Quick Logic Problem

KingCondanomation said:
MottleyDude got it, the problem is right here and explained, they even explain the exact mistake Damo made (and possibly you).
Please read it and see for yourself:
http://en.wikipedia.org/wiki/Boy_or_Girl_paradox
Click to expand...
No, I have explained the mistake they make.

The Given is set, regardless of birth position.

John will always be John and cannot be both John and James.

Only if both children were variable would the solution be 1/3.

There would be a 1/3 probability that she would have no boys at all.

They misapply the variable.
 
Damocles said:
If both coins are variable (both unknown) you have three possibilities.

heads-tails
heads-heads
tails-tails

When one is given, you are figuring the probability of only one coin and it becomes 50%.

Given - Heads
Given - Tails

The problem Dano is having is understanding the principal of "The Given".
Click to expand...


Each toss is independent of all others, and whatever has occurred previously or subsequently has no influence at all on the outcome of a single toss.
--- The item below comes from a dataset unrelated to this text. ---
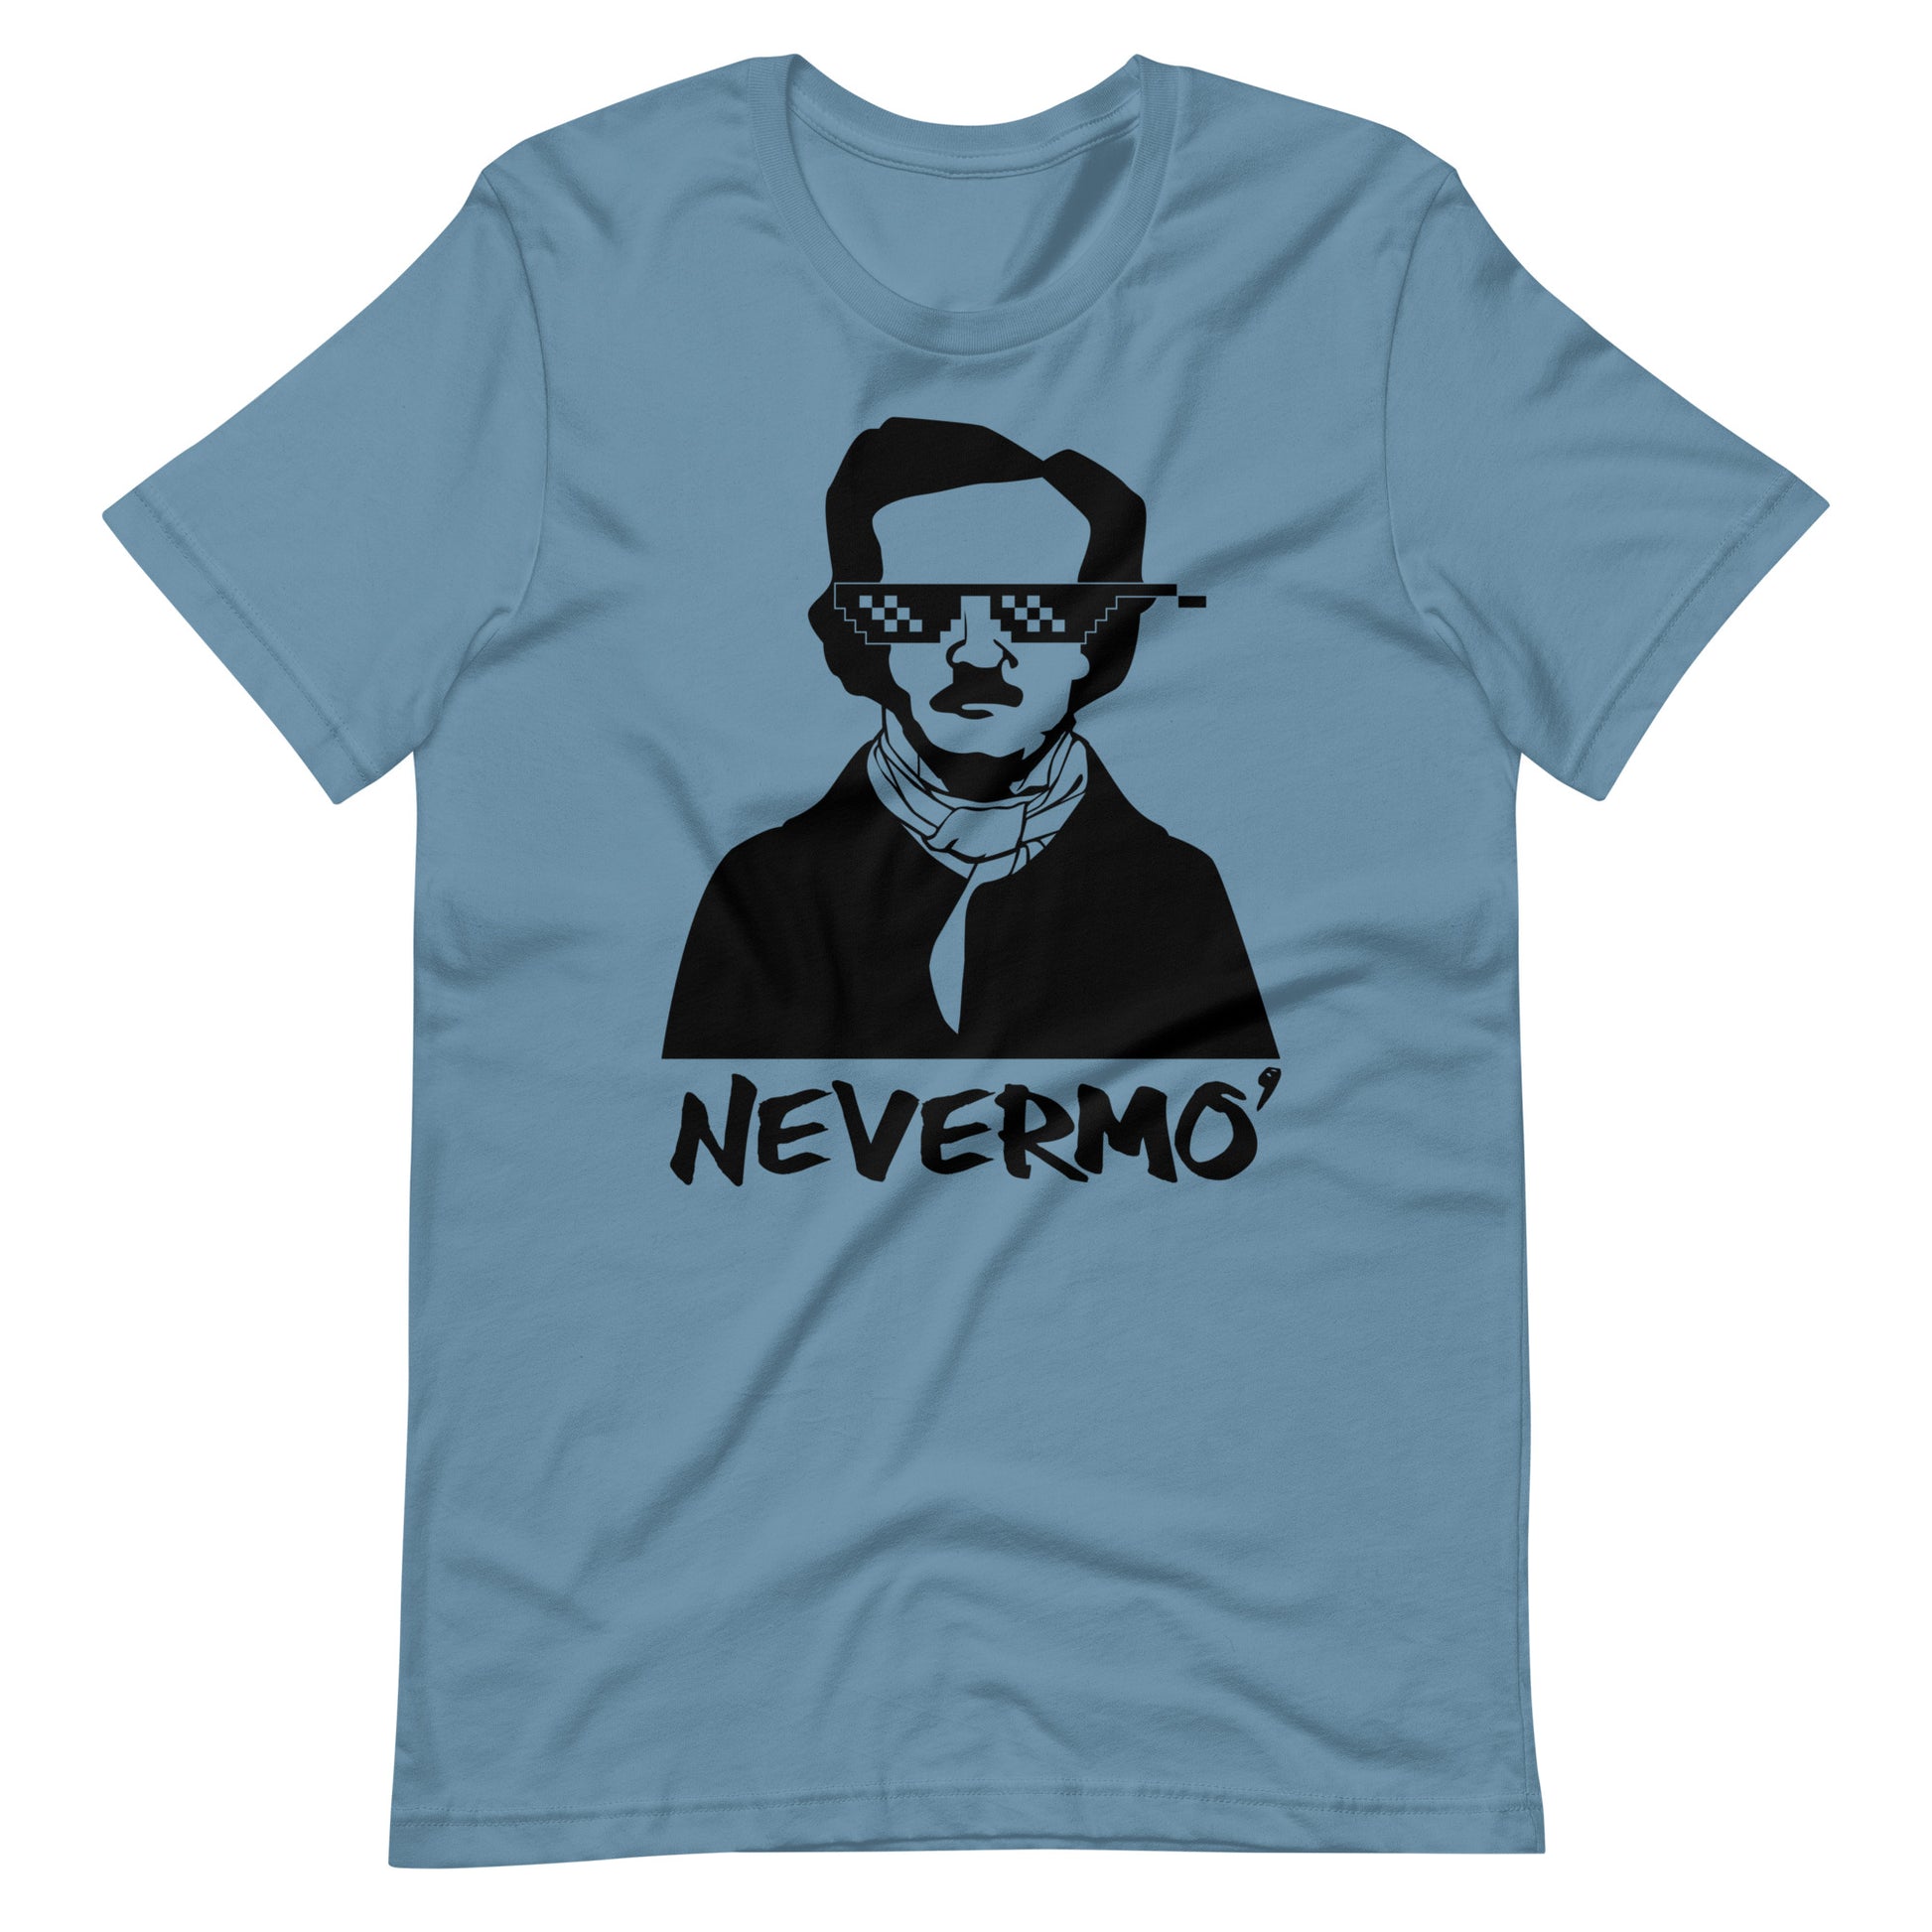 Men's Edgar Allan Poe "The Nevermo" T-Shirt - Steel Blue Front

Each toss has the probability of 0.5 for each side.

Similarly, in this question, one boy in each family has been established and has no bearing on the gender of the other child, whether that child is older or younger. The probability for each family is 0.5 that the other child is one or the other gender. EOS.
 
KingCondanomation said:
Damo, the problem is at the beginning, you do not have 3 possibilities, you have 4 possibilities:

heads-tails
heads-heads
tails-tails
tails-heads

There is only ONE way to get heads-heads, you flip the first coin and get heads and then you flip the 2nd coin and get heads. That's it, no other way.

To get a combination of heads and tails, you can either:
Flip the first coin and get heads and flip the 2nd and get tails
OR
Flip the first coin and get tails and flip the 2nd and get heads

Tell me you can agree with that. All the evidence produced backs what I said up.
Click to expand...


tails-heads is the SAME as heads-tails, it's not a different outcome.
 
KingCondanomation said:
Damo, the problem is at the beginning, you do not have 3 possibilities, you have 4 possibilities:

heads-tails
heads-heads
tails-tails
tails-heads

There is only ONE way to get heads-heads, you flip the first coin and get heads and then you flip the 2nd coin and get heads. That's it, no other way.
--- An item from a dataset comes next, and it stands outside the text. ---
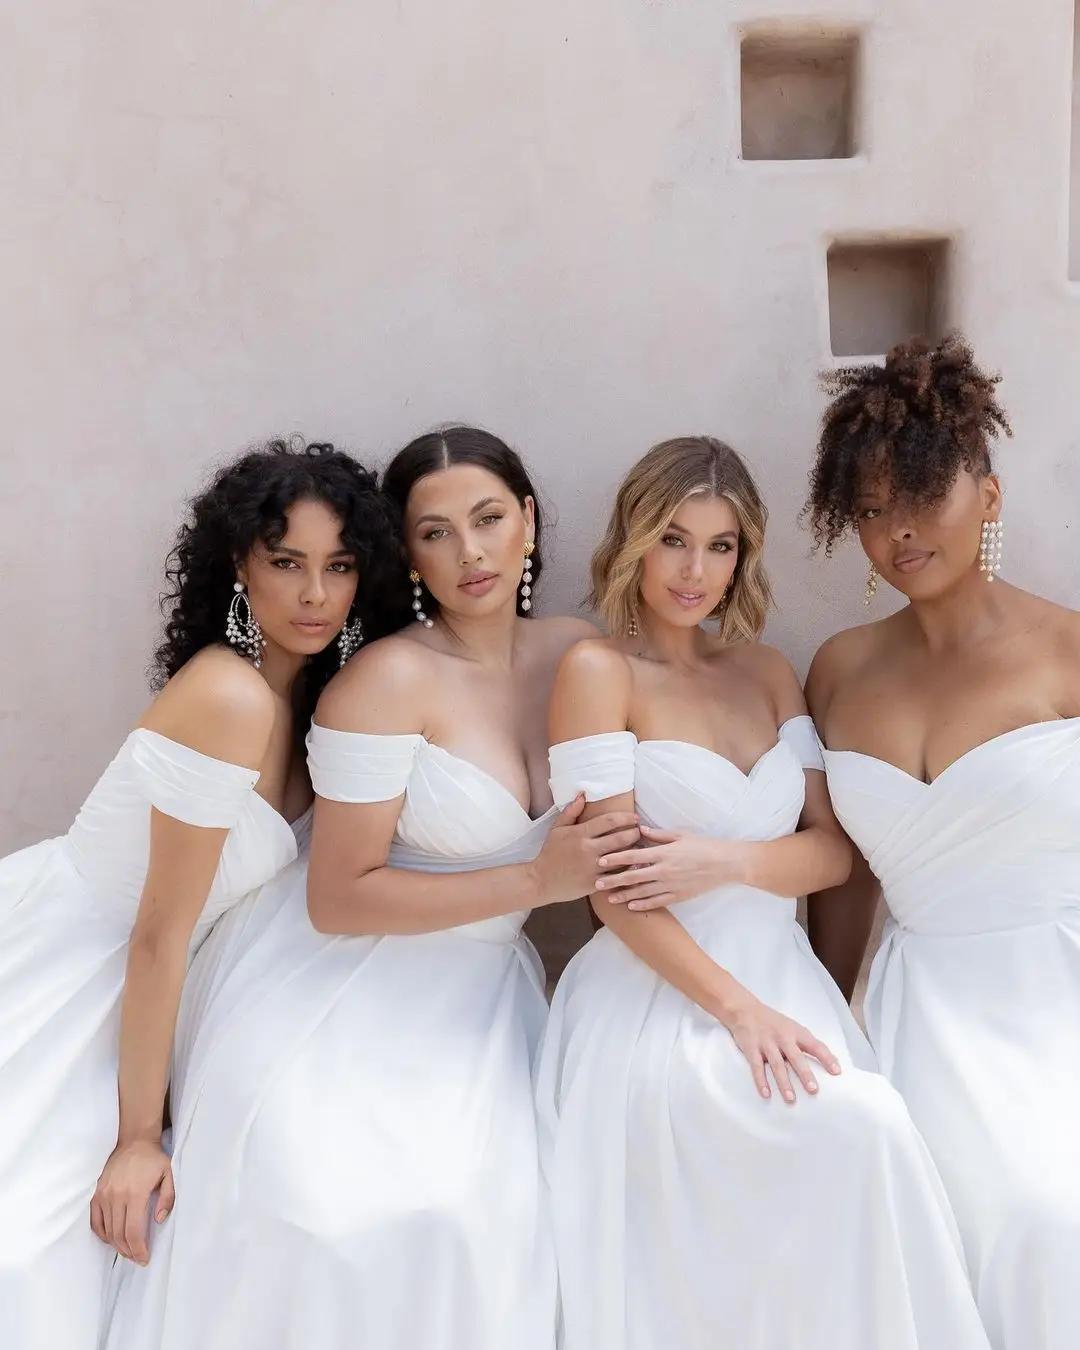 Models wearing multiple sizes of the same wedding dress

To get a combination of heads and tails, you can either:
Flip the first coin and get heads and flip the 2nd and get tails
OR
Flip the first coin and get tails and flip the 2nd and get heads

Tell me you can agree with that. All the evidence produced backs what I said up.
Click to expand...
tails-heads is equal to heads-tails.

There would be a 1/3 probability (if both coins were variable) that you would have one heads and one tails. (This is the principle they are misapplying in the Dano scenario, once you have a Given of "heads" for one, only the one coin has a probability factor and that factor will always be 50% regardless of how often you flipped it previously.)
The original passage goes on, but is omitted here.